Theo van der Loo: Muitas empresas delegam isso à área de RH, que é a principal coordenadora de tudo isso, porque RH contrata as pessoas, desenvolve as pessoas. Mas, o CEO tem que estar visivelmente envolvido para que os empregados da empresa também notem que o CEO está atrás disso e quer gerar uma mudança.

Agora, eu confesso para você, a Bayer não é imagem de perfeição, isso aqui é um processo. Eu acho que temos bastante negros na Bayer, fizemos um censo(dos 4 mil funcionários no Brasil, 14% são negros, segundo um censo interno feito em 2014). Mas em cargos altos tem poucos. tem mais do que antes, mas tem poucos. Nós temos, inclusive, dois funcionários negros que estão fora do Brasil, tem um na Alemanha e um nos Estados Unidos. Mas, eu dependo muito dos gestores.

EXAME.com: Por quê?
Theo van der Loo: Por que eu pessoalmente não contrato gente todos os dias, o fluxo é pequeno, eu contrato os diretores, eles não saem muito, a rotatividade é baixa. Eu dependo muito dos gestores que contratam mais pessoas para que eles se sensibilizem e sigam em frente.

O que comento com o RH é o seguinte: se nós continuarmos a fazer tudo do jeito que a gente fazia antes não vai mudar nada. Tem que ter uma certa pro atividade, um empurrão.

EXAME.com: Que tipo de iniciativa?
Theo van der Loo: Temos que pedir para os headhunters que eles forneçam candidatos afrodescendentes. Essa pressão que acho que tem que existir na sociedade.É óbvio que hoje, até pela História, tem mais brancos com uma boa formação do que negros. Mas isso não significa que não tenha negros, ou seja, se uma pessoa falar “não. não tem gente para participar” eu acho um equívoco.

O que acontece é que é mais difícil de achar negros qualificados. Mas, hoje em dia, com as cotas nas universidade, o que é algo muito positivo, você acaba tendo mais gente com qualificação para conseguir emprego.

Agora, refletindo sobre isso que está acontecendo, a gente pode até tentar começar com os estagiários. De repente a gente colocar uma meta: dos estagiários, determinado percentual, no mínimo, tem que ser afrodescendente.

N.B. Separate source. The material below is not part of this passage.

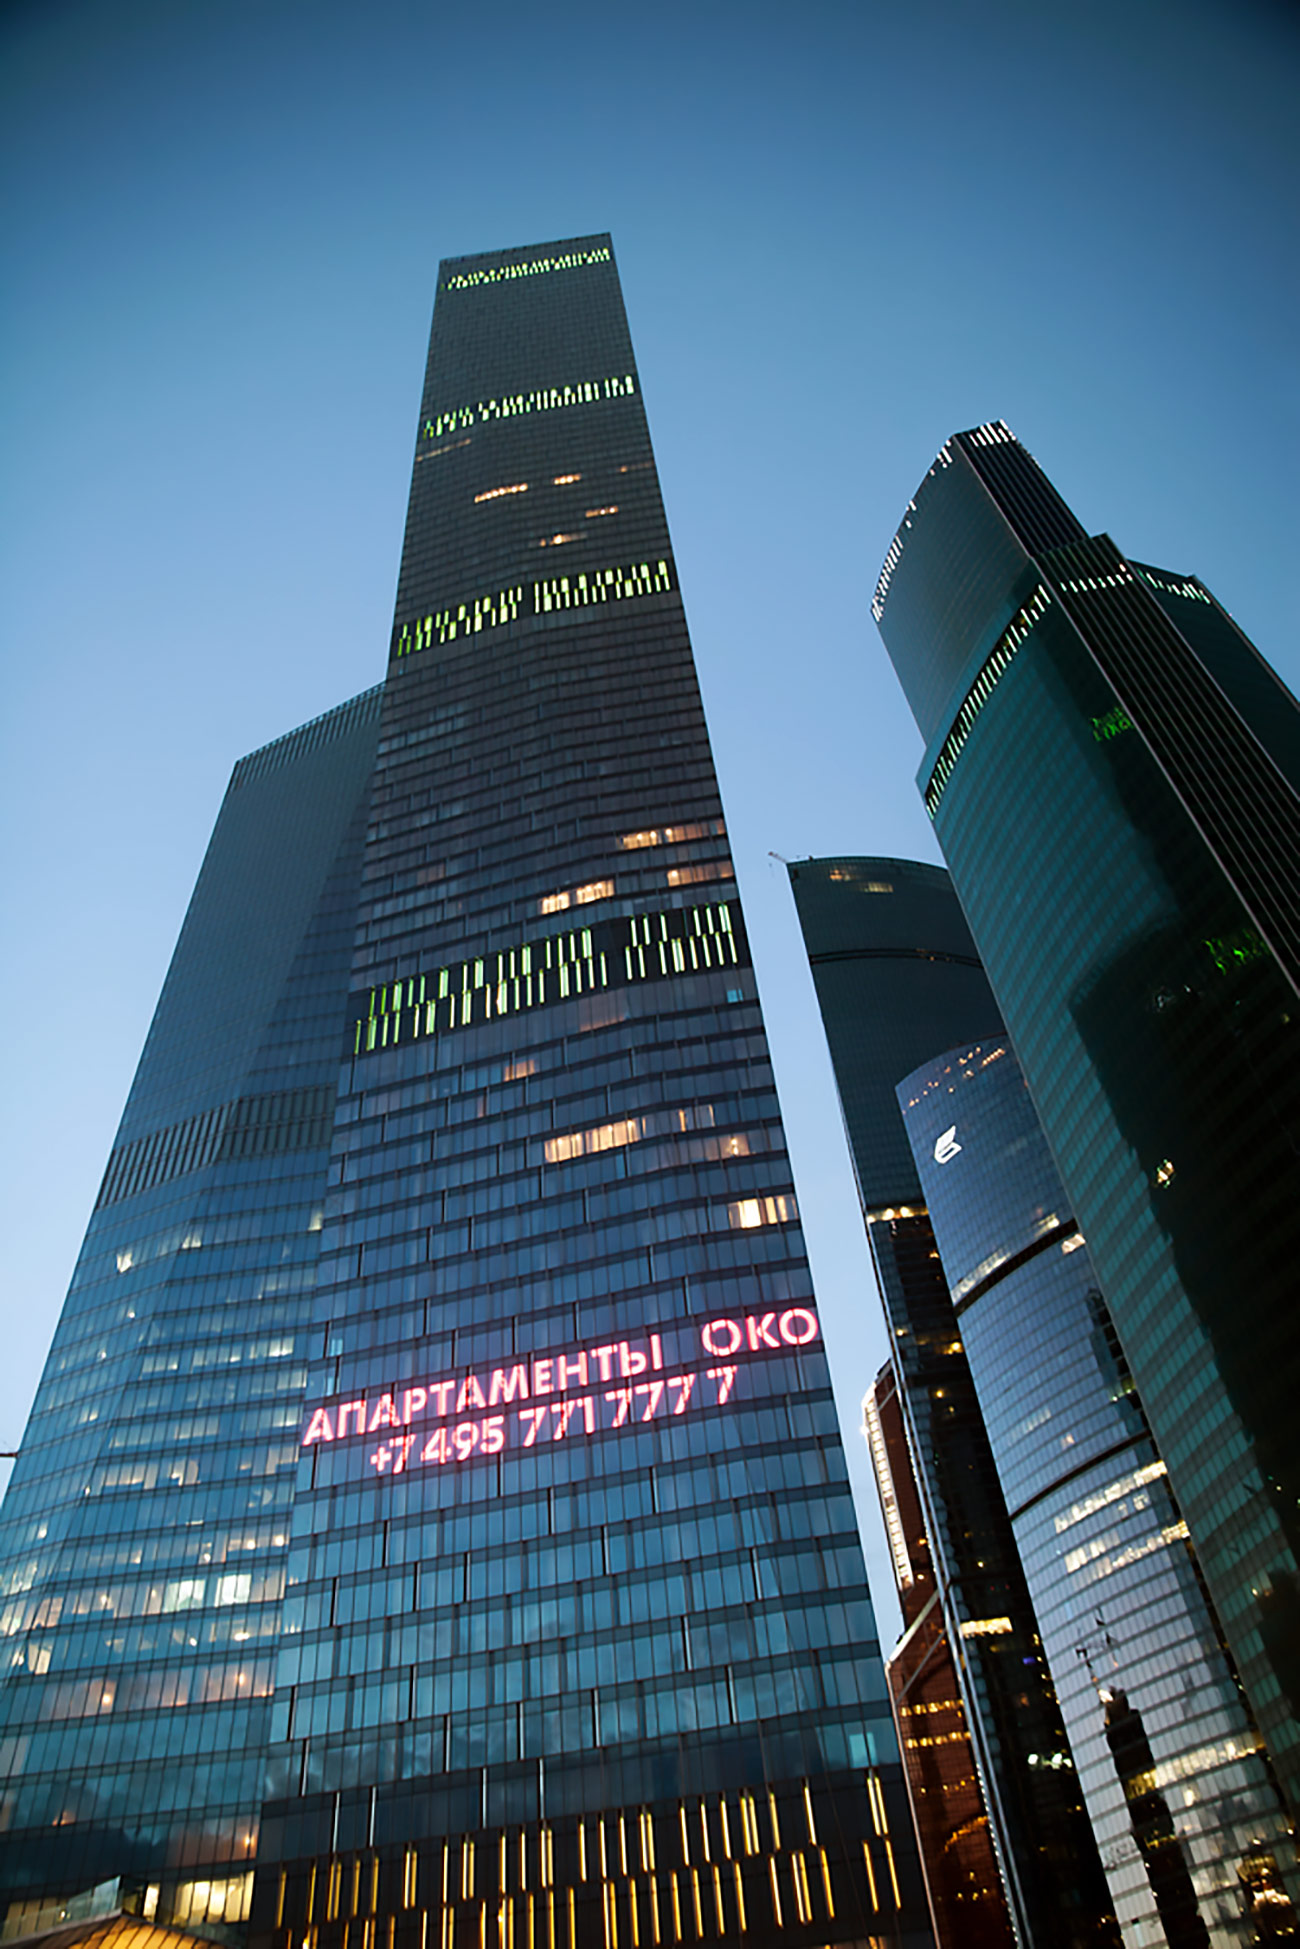 OKO (la torre del sur)  de Moscú / Legion Media

EXAME.com: Essa é uma ideia que você gostaria de desenvolver na Bayer do Brasil?
Theo van der Loo: Sim, nós temos algumas, mas eu quero fazer mais. Muitos CEOS, como eu, muitos concordam que têm que fazer alguma coisa. Mas não sabem como começar. Eu nem sabia como falar, se falava afrodescendente, se falava negro. E conversando com os negros e até pessoas de fora da Bayer, e dizem: “Theo, não é como você chama a gente, falar sobre o assunto já ajuda muito. Seja você mesmo, fale as coisas como você sente e, se você cometer algum erro, você pede desculpas, as pessoas entendem, elas ficam felizes de haver mais interesse.